| TASK ITEM |
With the exception of the pictures, write out the data below precisely.

| DATA BELOW |
━━━━

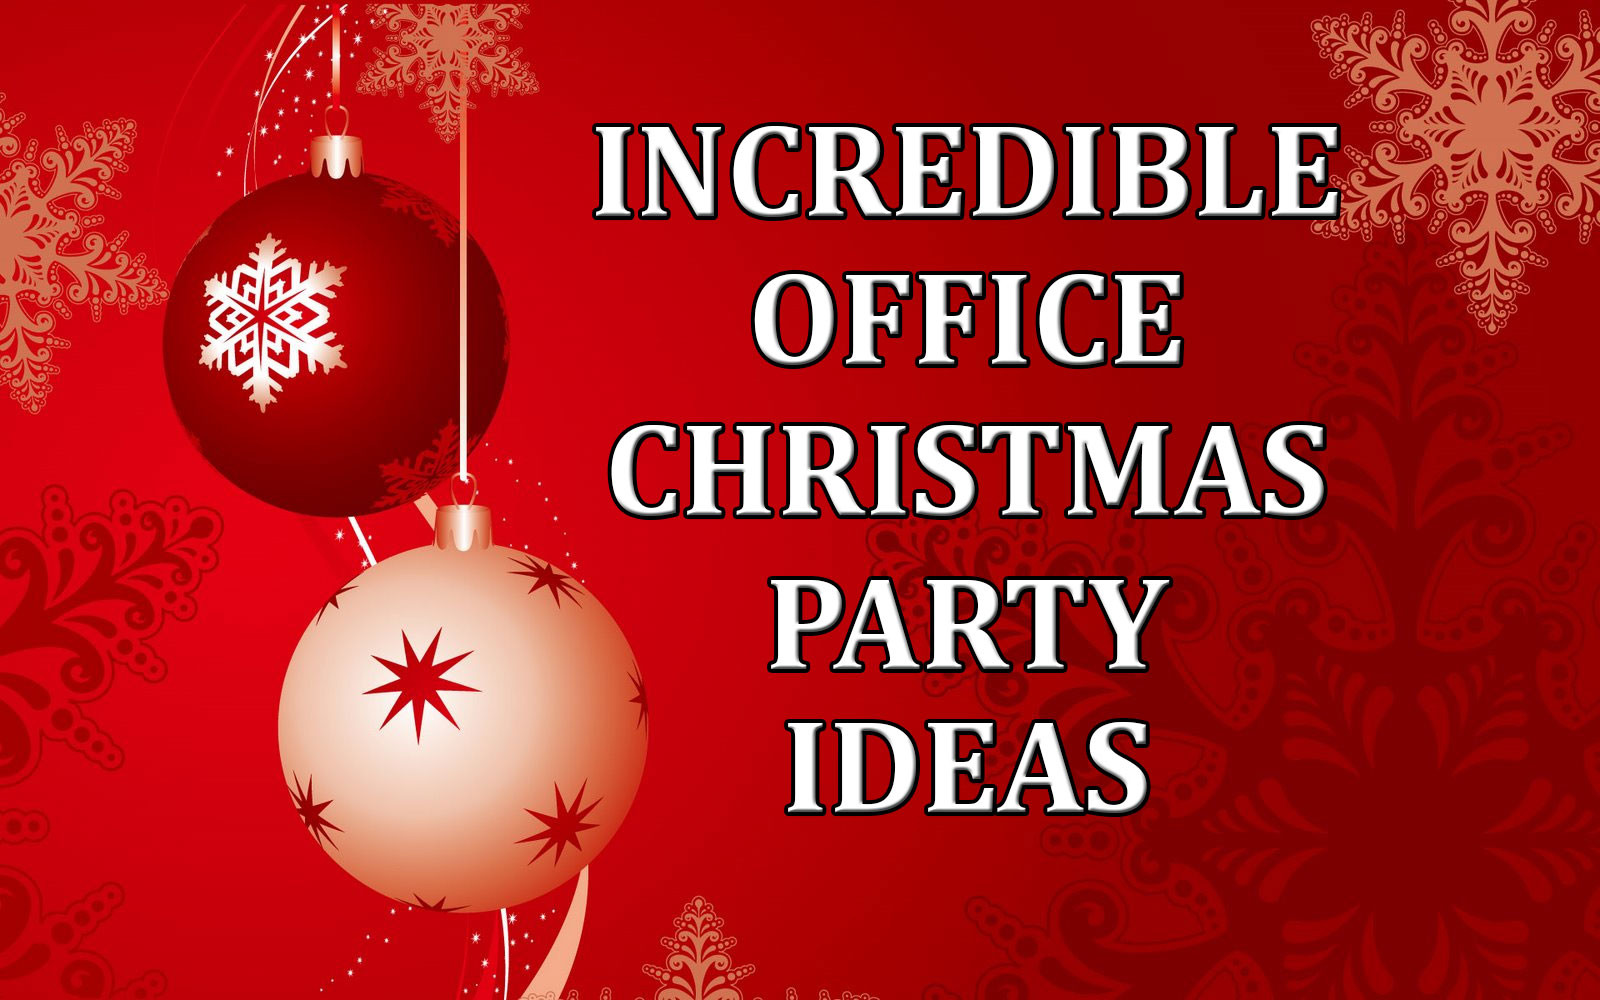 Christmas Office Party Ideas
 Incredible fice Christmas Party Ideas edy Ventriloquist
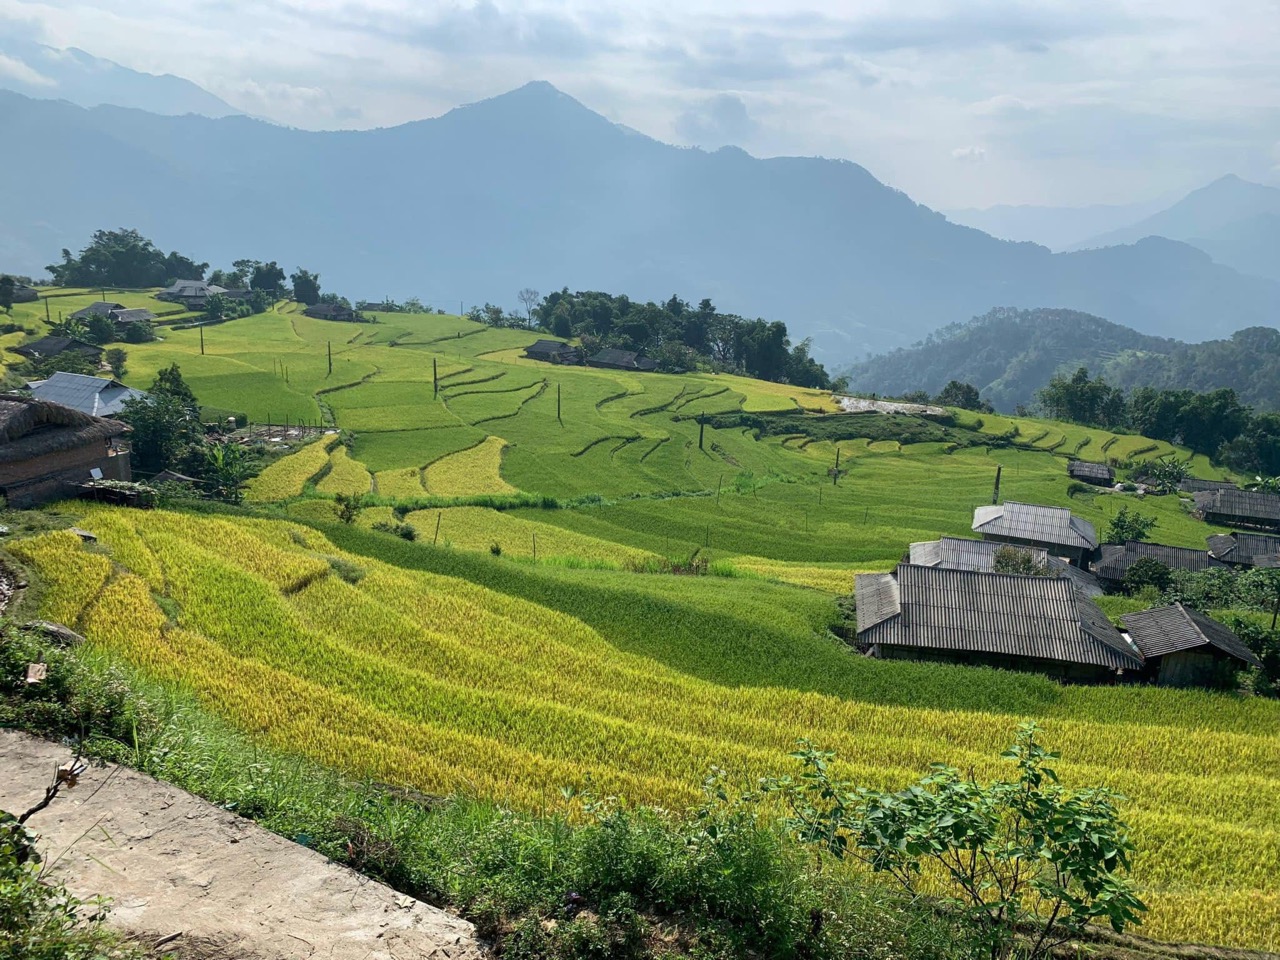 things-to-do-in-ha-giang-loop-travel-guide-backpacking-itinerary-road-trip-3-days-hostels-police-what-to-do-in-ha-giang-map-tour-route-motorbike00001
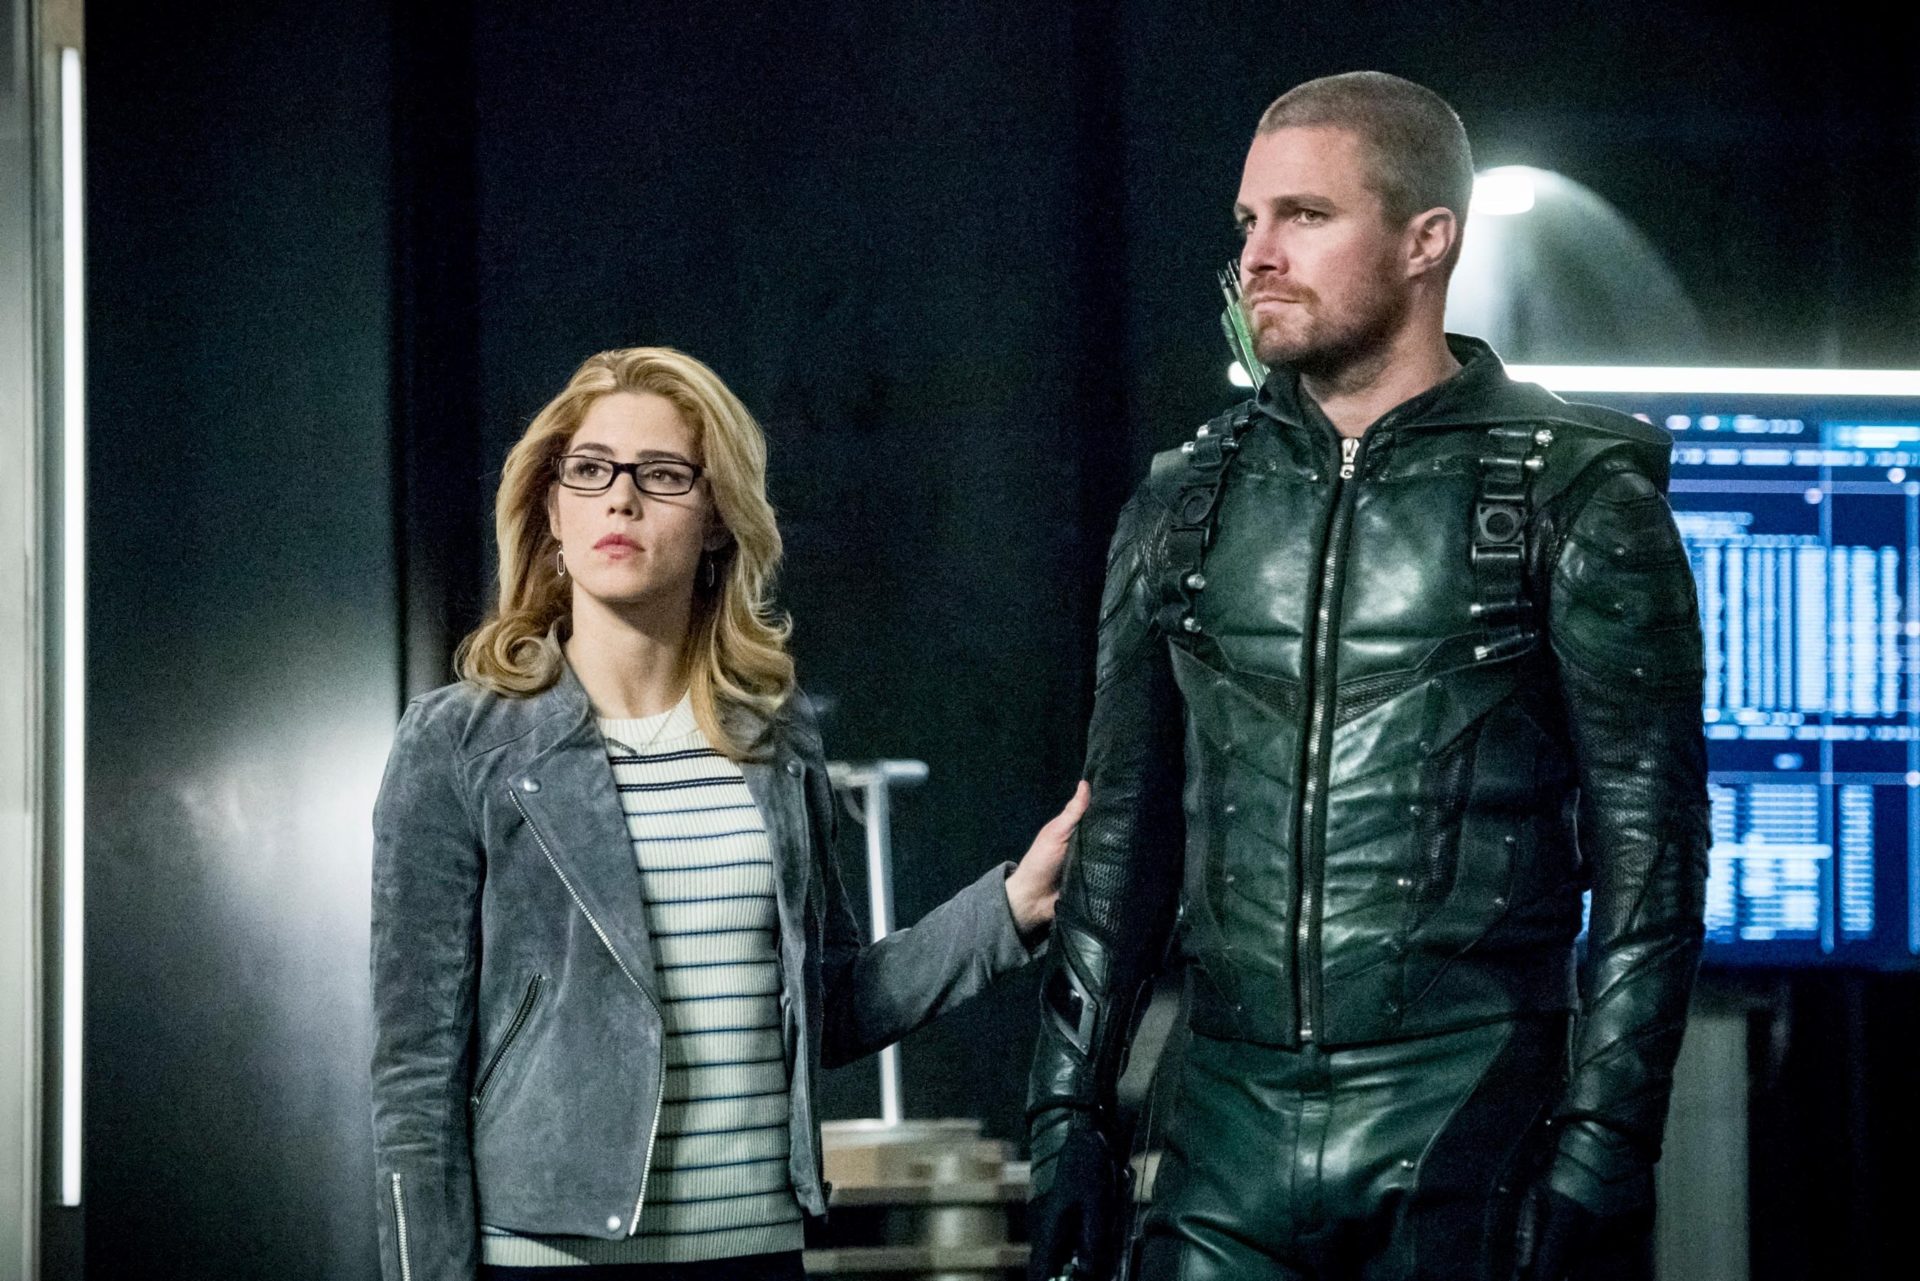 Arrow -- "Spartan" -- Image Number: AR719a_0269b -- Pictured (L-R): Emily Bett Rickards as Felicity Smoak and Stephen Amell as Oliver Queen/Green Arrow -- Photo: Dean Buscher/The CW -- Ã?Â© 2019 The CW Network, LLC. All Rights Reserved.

━━━━

| ANSWER FOR THIS EXERCISE |
 Christmas Office Party Ideas
 Incredible fice Christmas Party Ideas edy Ventriloquist
 things-to-do-in-ha-giang-loop-travel-guide-backpacking-itinerary-road-trip-3-days-hostels-police-what-to-do-in-ha-giang-map-tour-route-motorbike00001
 Arrow -- "Spartan" -- Image Number: AR719a_0269b -- Pictured (L-R): Emily Bett Rickards as Felicity Smoak and Stephen Amell as Oliver Queen/Green Arrow -- Photo: Dean Buscher/The CW -- Ã?Â© 2019 The CW Network, LLC. All Rights Reserved.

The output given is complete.